Несмотря на кажущуюся небрежность, nonchalance,[3] как говорят французы, в общем чувствовалась какая-то деланность и отсутствие той простоты, на какую, очевидно, рассчитывалось. Беспечный, уверенный взгляд моего нового знакомого мгновениями туманился теми характерными выражениями неприятного ощущения, когда не все так хорошо, как бы того желалось.
– На вашу долю тоже приходится…
Он осмотрелся и лениво опустился на предложенную ему бурку.
Опершись на локоть, он бросил небрежный взгляд на свои выхоленные ногти, и мне показалось, что в этот момент он обдумывает, как отрекомендоваться. Я и без этого, впрочем, догадывался, кто предо мной.
– В наше время что человек, то мнение… то новый взгляд… Сумбур какой-то…
Проезжий сделал гримасу боли, гримасу, вызвавшую во мне невольную к нему симпатию. Встретив мой приветливый взгляд, он как будто встрепенулся.
– Скажите откровенно: вы противник или сторонник последней реформы?
– Откровенно говоря, я выясняю еще для себя эту реформу… Я не знаю ее…
– Спасибо хоть за это… Обыкновенно мы не знаем и судим… Это характерная черта русского человека – знание заменять пальцем, приставленным ко лбу: чем меньше знает, тем больше апломба. В результате полный сумбур, который не со вчерашнего дня продолжается… Картина перед вами: вековой разврат крепостничества, блистательная реформа освобождения, переход от рабства сразу к дикой свободе, результат этого перехода…
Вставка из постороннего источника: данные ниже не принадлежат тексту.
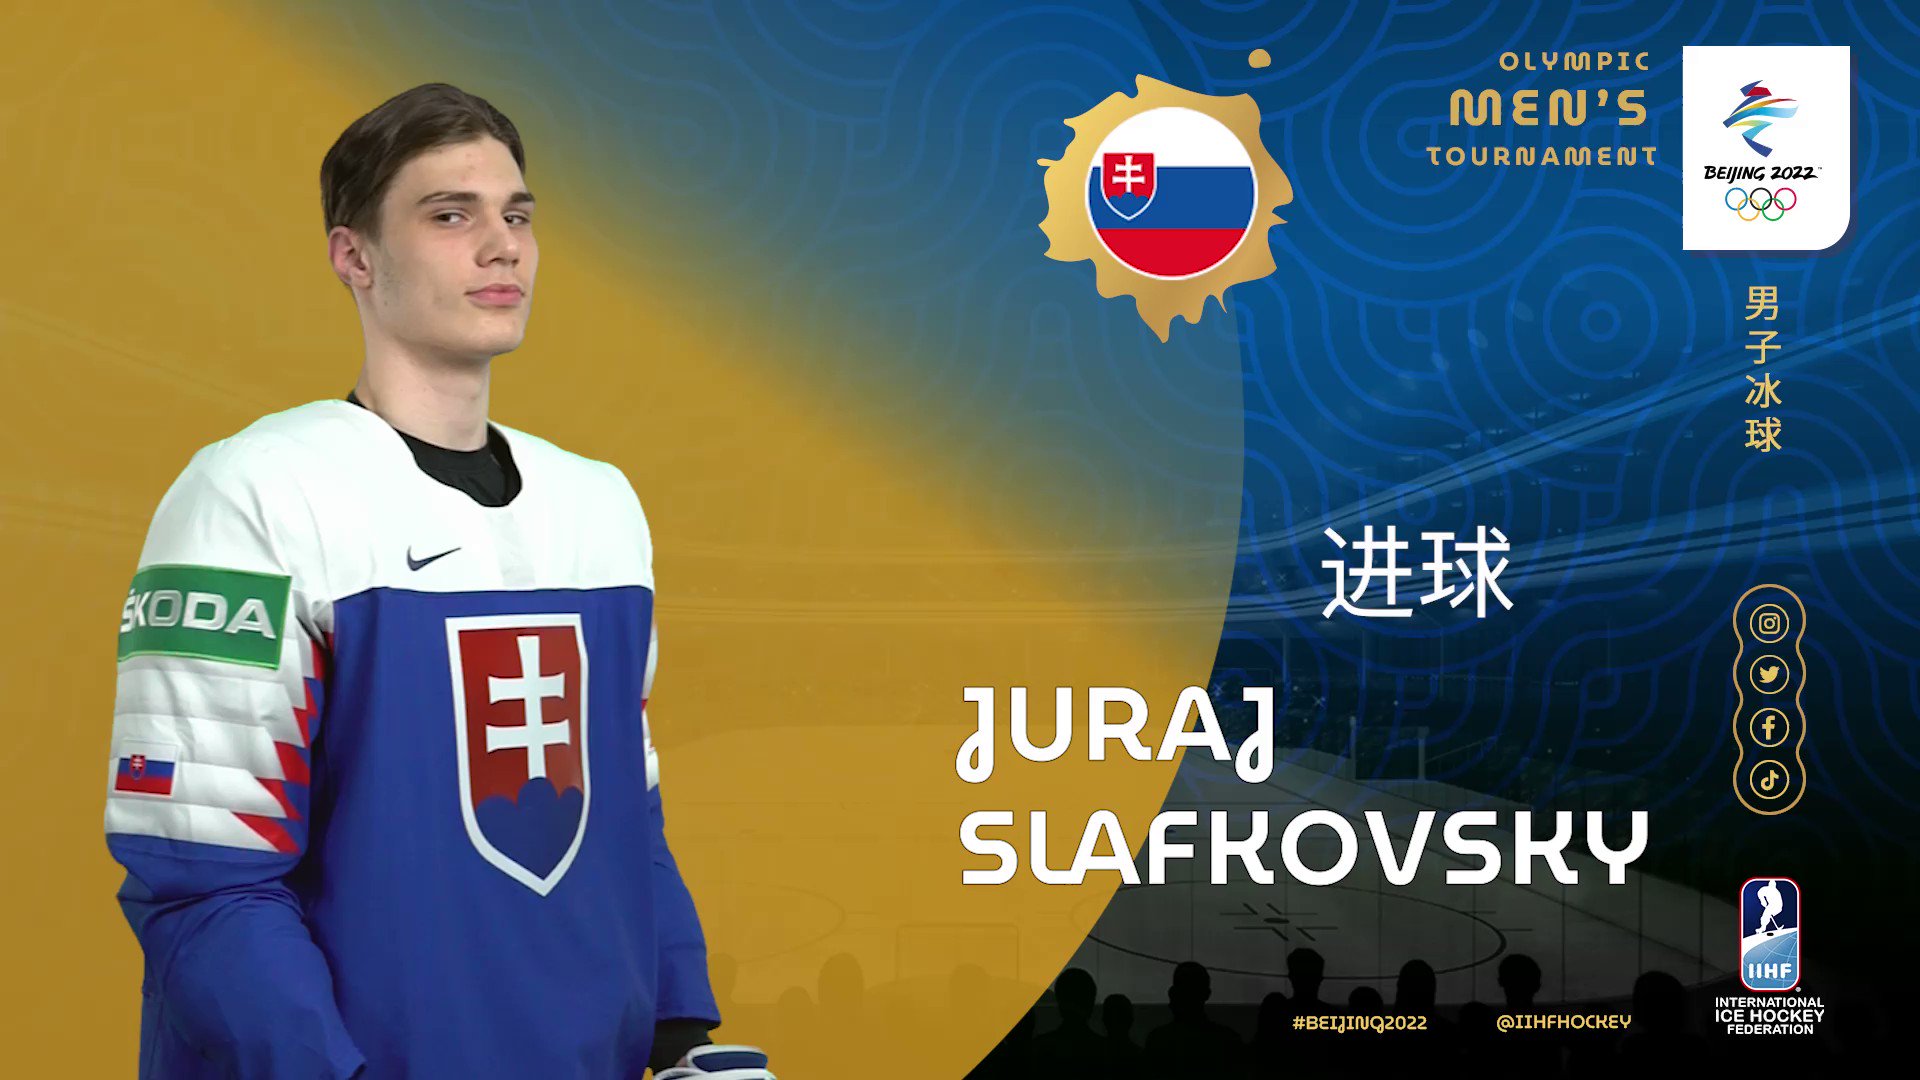 Juraj Slafkovsky plays also floorball, here he is in the finals of the  Slovak U19 floorball league last year : r/hockey

Он остановился, хлебнул глоток чаю и продолжал:
– Свобода? Кому свобода? Озверевшему? Так дайте ж ему сначала образ человеческий, дайте ему тот руль, при помощи которого он сможет управляться с этой свободой… Дайте ему воспитание, то воспитание, которого не было у русского человека, и дворянина, и мужика за всю его тысячелетнюю историю… Нет-с, без конца своевременна реформа, хотя и пришлась поперек горла некоторым. Судите сами: произволу помещика – конец? земской деморализации – конец? воровству писаря, неурядице волостной, распущенности старшин, старост, полиции?
Голос говорившего оборвался.
Я мельком взглянул на него.
Красивые глаза его беспокойно бегали с какою-то внутренней лихорадочной тревогою.
– Трудная ваша деятельность.
– Трудная-то она трудная, да не в этом дело… Бог труды любит… Реформа эта тем и хороша, что законодатель нам только канву дал: много можно бы было сделать хорошего…
Он меланхолично обвел глазами горизонт.
– От законодателя реформа получила всё…
Он небрежно стряхнул пепел своей папиросы.
– Везде свои тернии.
– Везде-то везде, да каково-то вот здесь, на живом деле видеть, как отзывается это незнание живой жизни, этот канцеляризм… Надо знать эту жизнь, надо знать, как проникнуть в смысл ее, чтоб действительно что-нибудь вышло… Трудно… Как нарочно всё одно к одному: сверху, с боков… Природа и та точно взбунтовалась: один голод скачали, другой уже готов. Тиф кончился – холера. Там уже про чуму пишут…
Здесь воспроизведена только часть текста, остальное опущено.